- [What you are asked to do] Begin at the line containing "man in black" and give again every line to the end of the records, exactly, without the pictures.

::: Records for processing :::

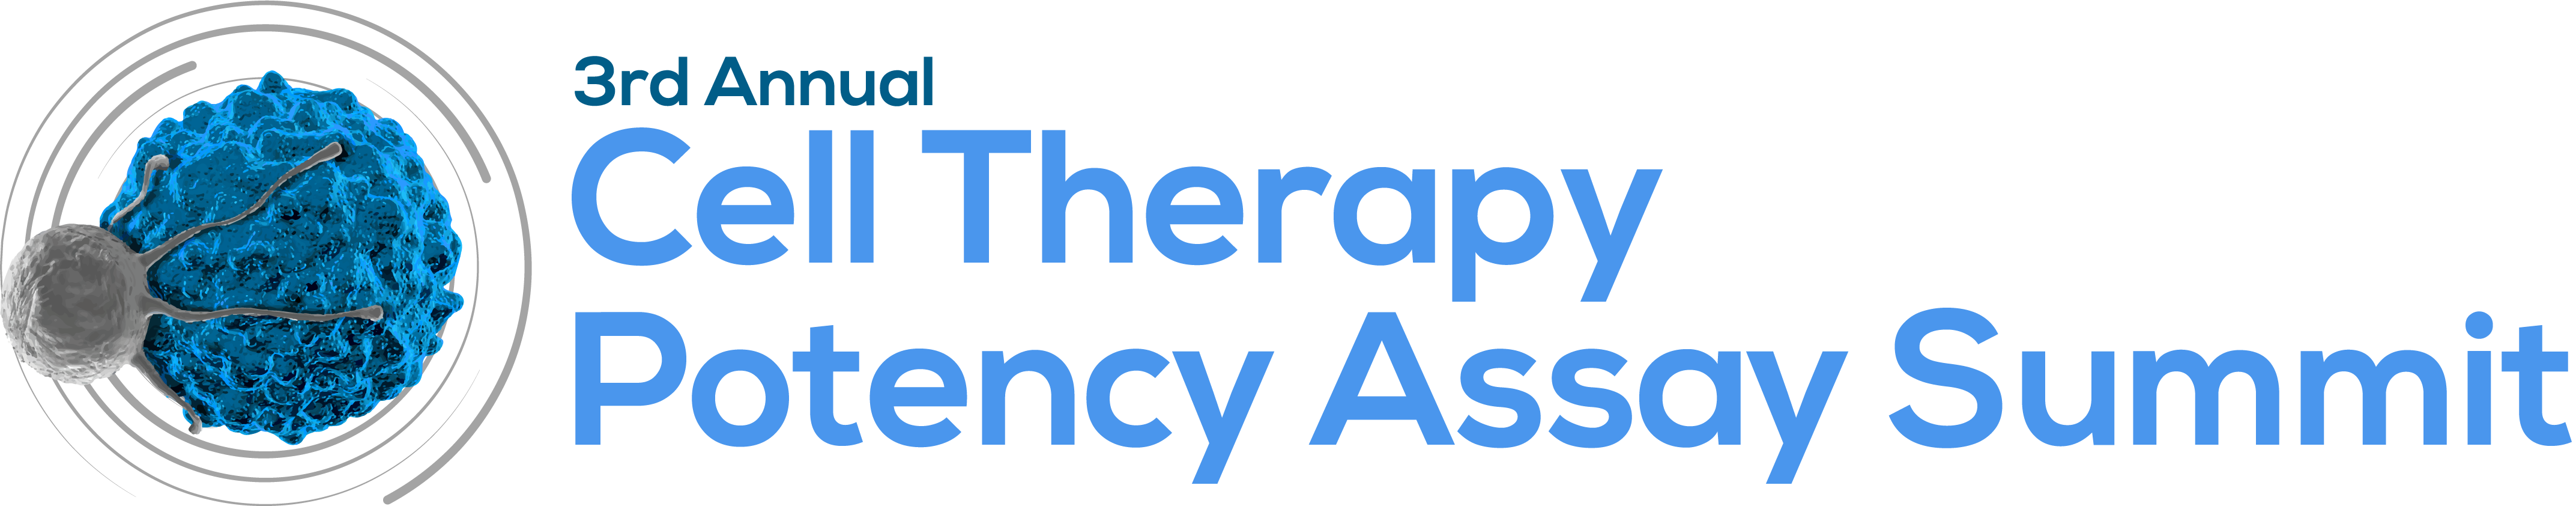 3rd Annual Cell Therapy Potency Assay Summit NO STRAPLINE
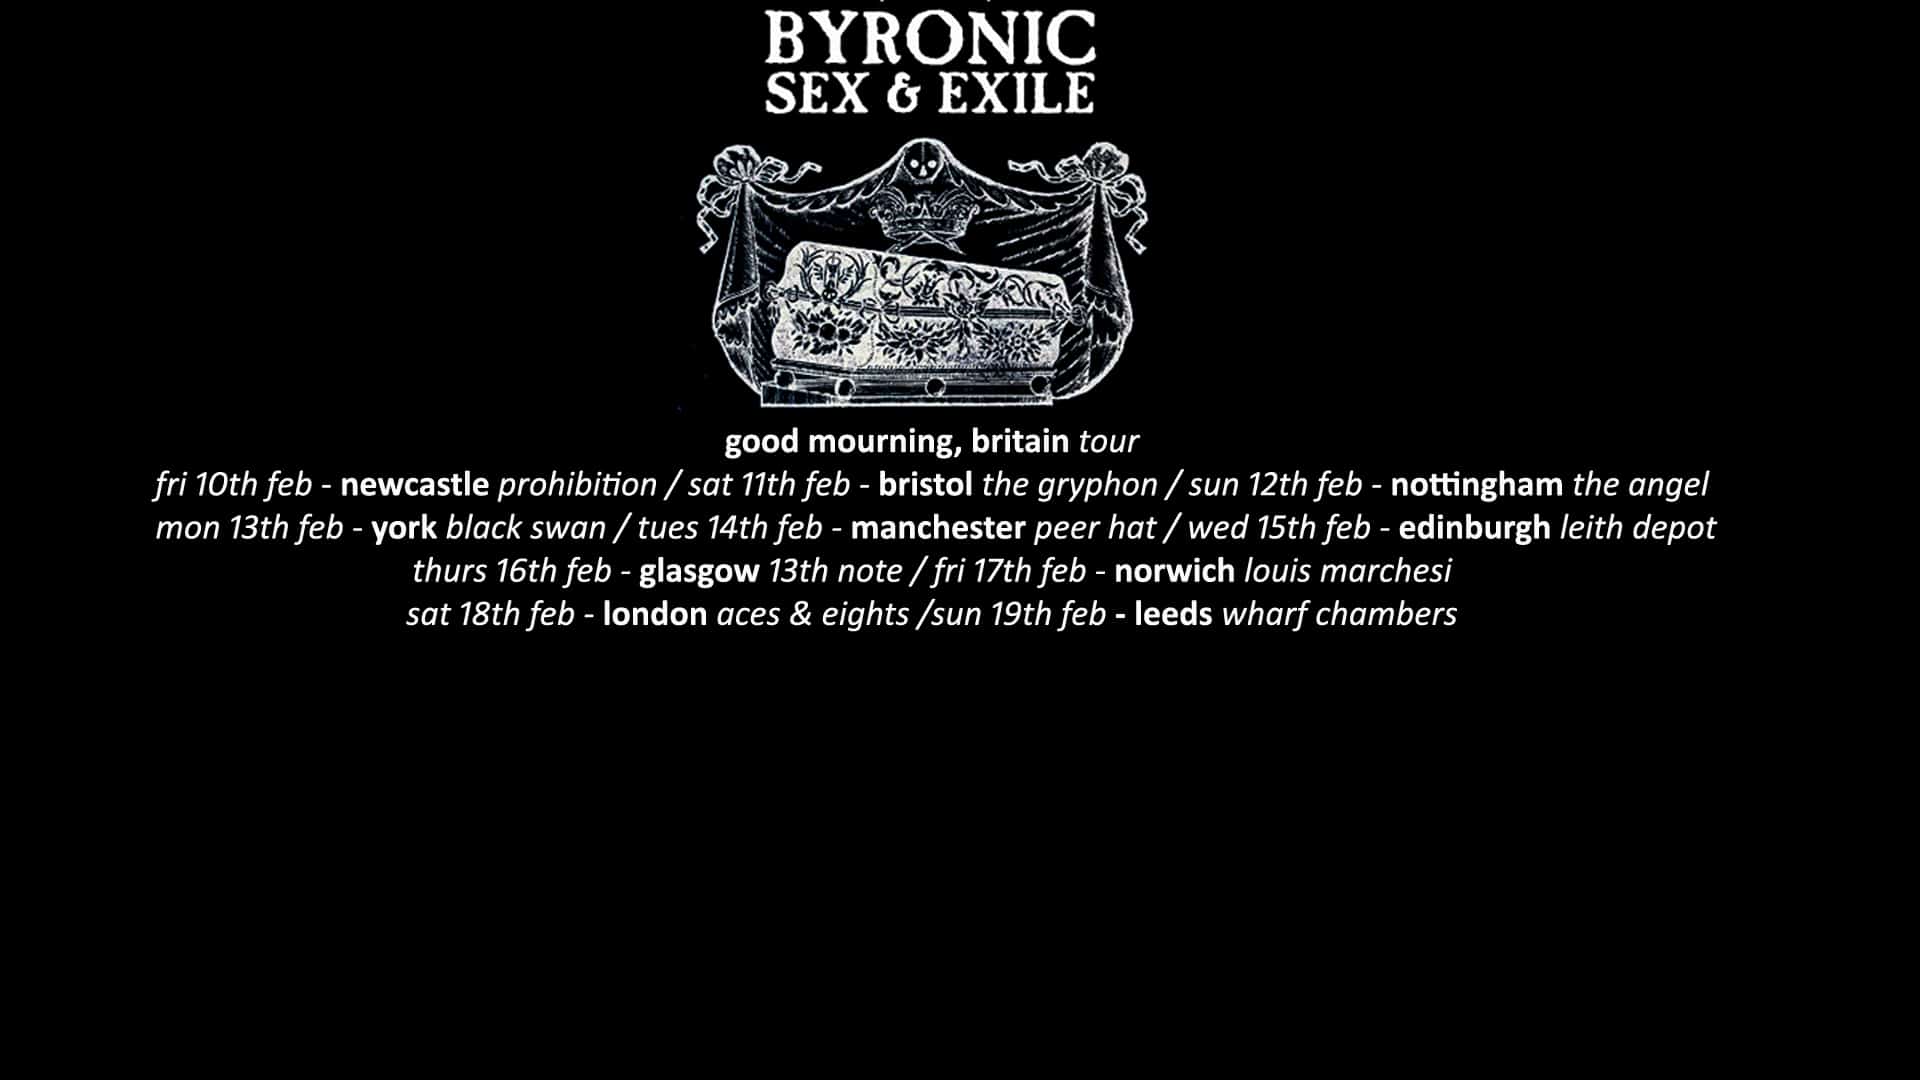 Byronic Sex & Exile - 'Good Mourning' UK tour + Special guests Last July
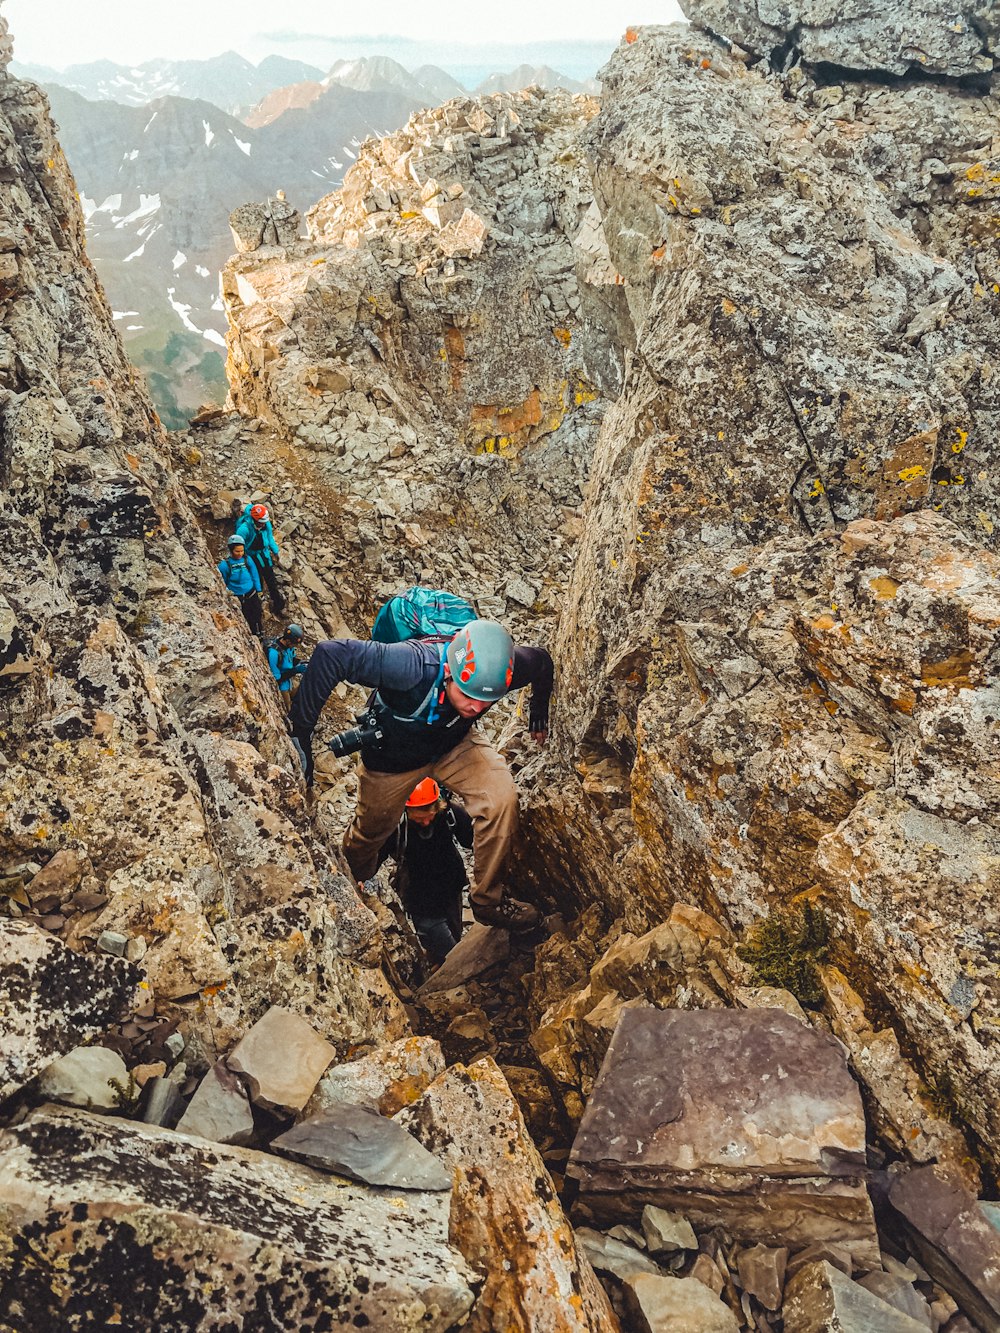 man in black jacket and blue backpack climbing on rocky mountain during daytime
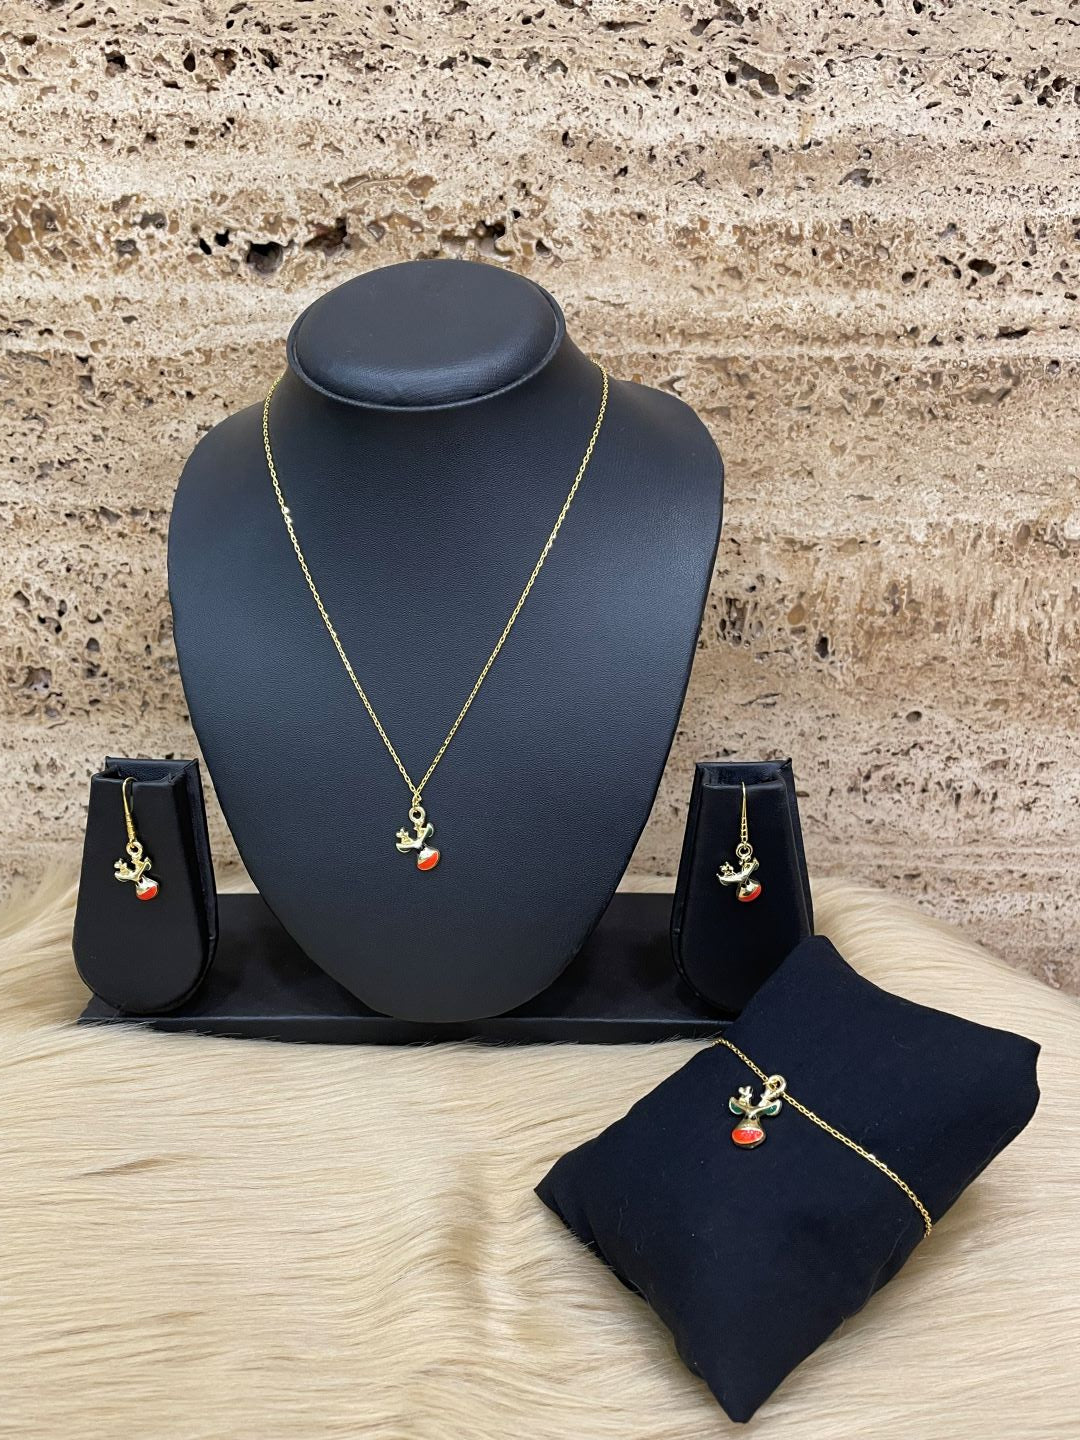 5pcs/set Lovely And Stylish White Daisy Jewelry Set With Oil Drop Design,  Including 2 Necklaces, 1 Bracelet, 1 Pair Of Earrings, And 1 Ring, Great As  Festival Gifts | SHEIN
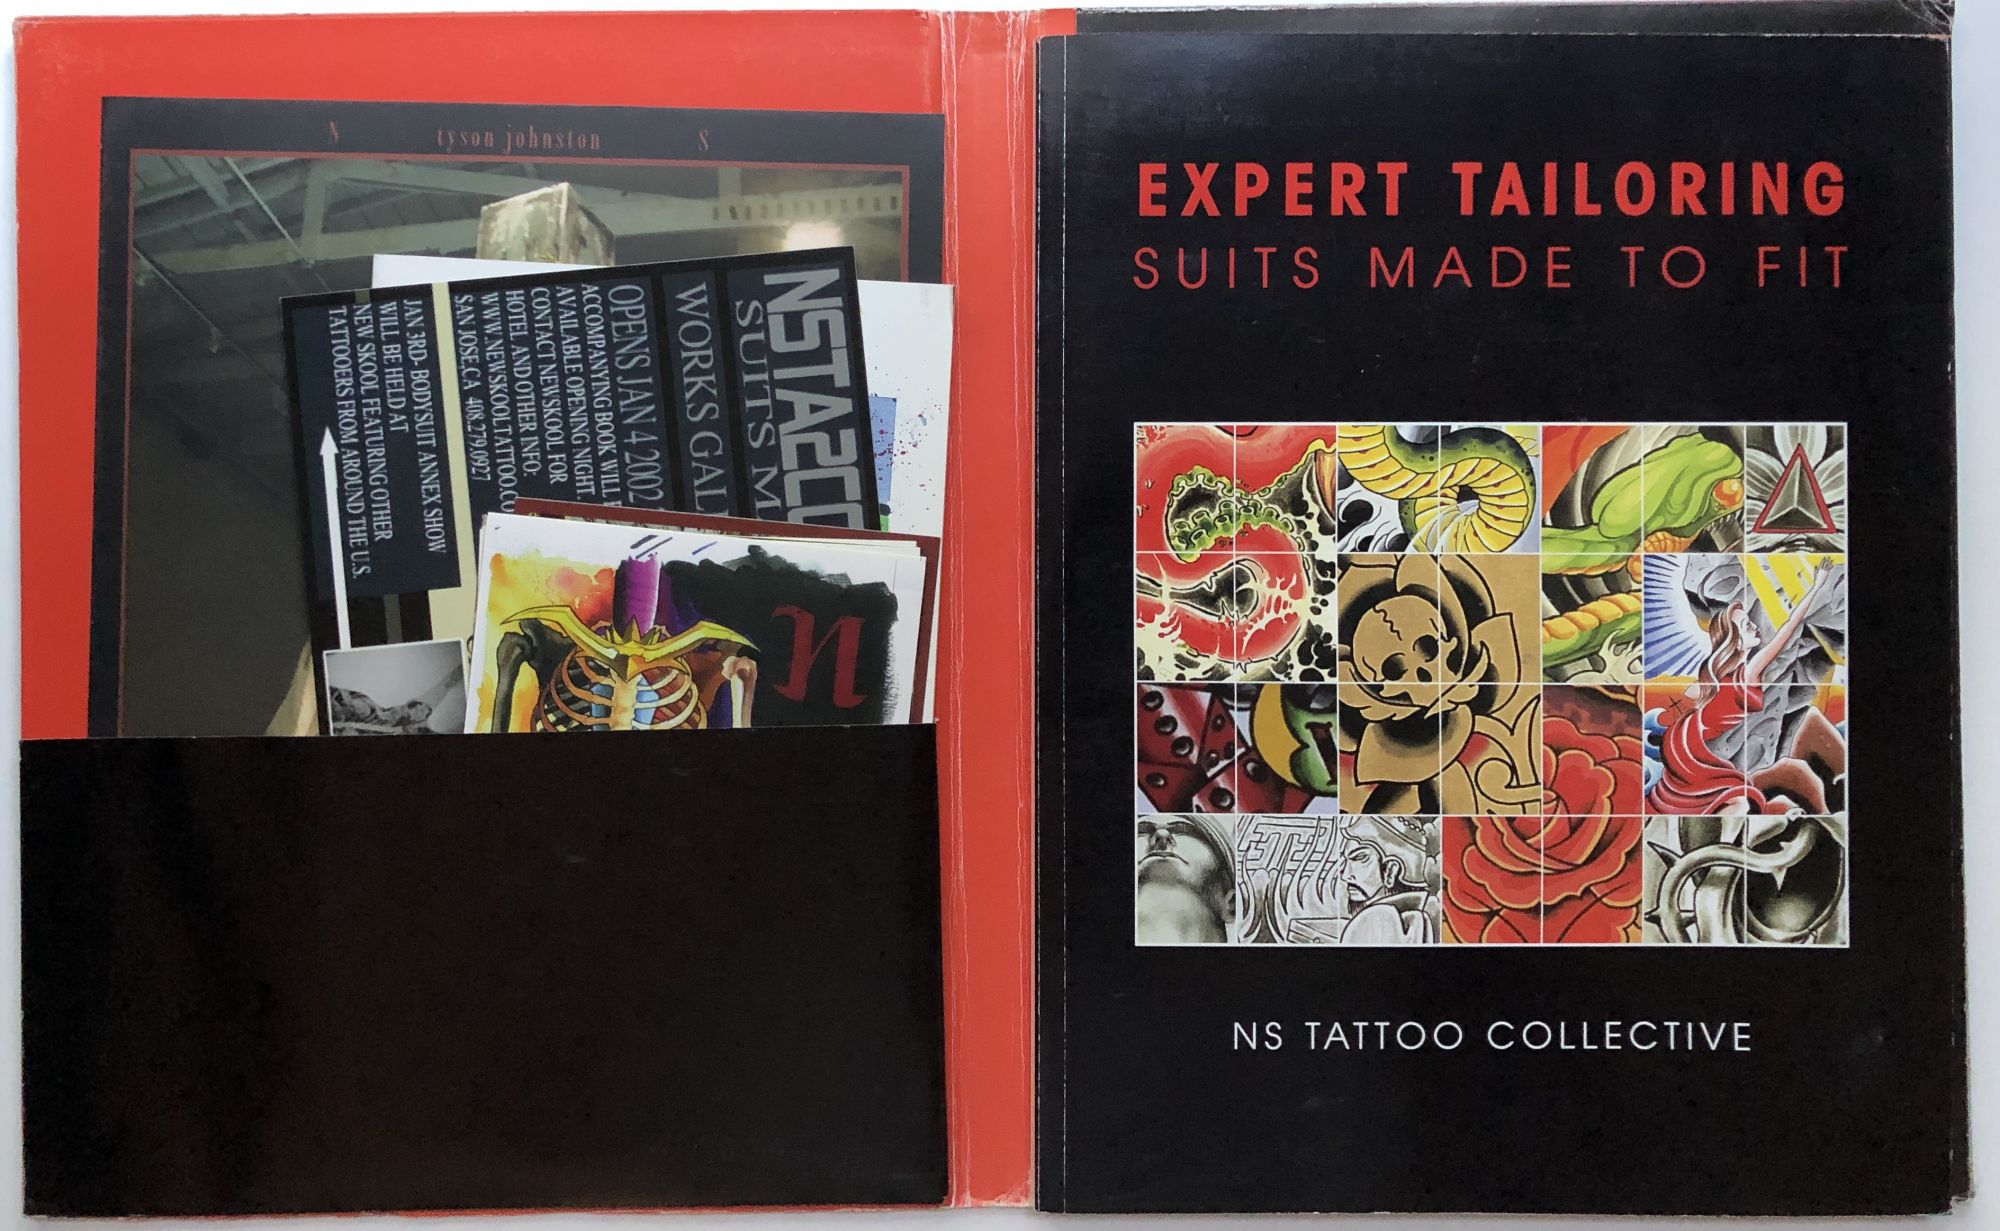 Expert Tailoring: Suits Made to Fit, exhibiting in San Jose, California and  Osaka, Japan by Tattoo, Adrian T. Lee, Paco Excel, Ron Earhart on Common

:::

- [Result for this task]
 man in black jacket and blue backpack climbing on rocky mountain during daytime
 5pcs/set Lovely And Stylish White Daisy Jewelry Set With Oil Drop Design,  Including 2 Necklaces, 1 Bracelet, 1 Pair Of Earrings, And 1 Ring, Great As  Festival Gifts | SHEIN
 Expert Tailoring: Suits Made to Fit, exhibiting in San Jose, California and  Osaka, Japan by Tattoo, Adrian T. Lee, Paco Excel, Ron Earhart on Common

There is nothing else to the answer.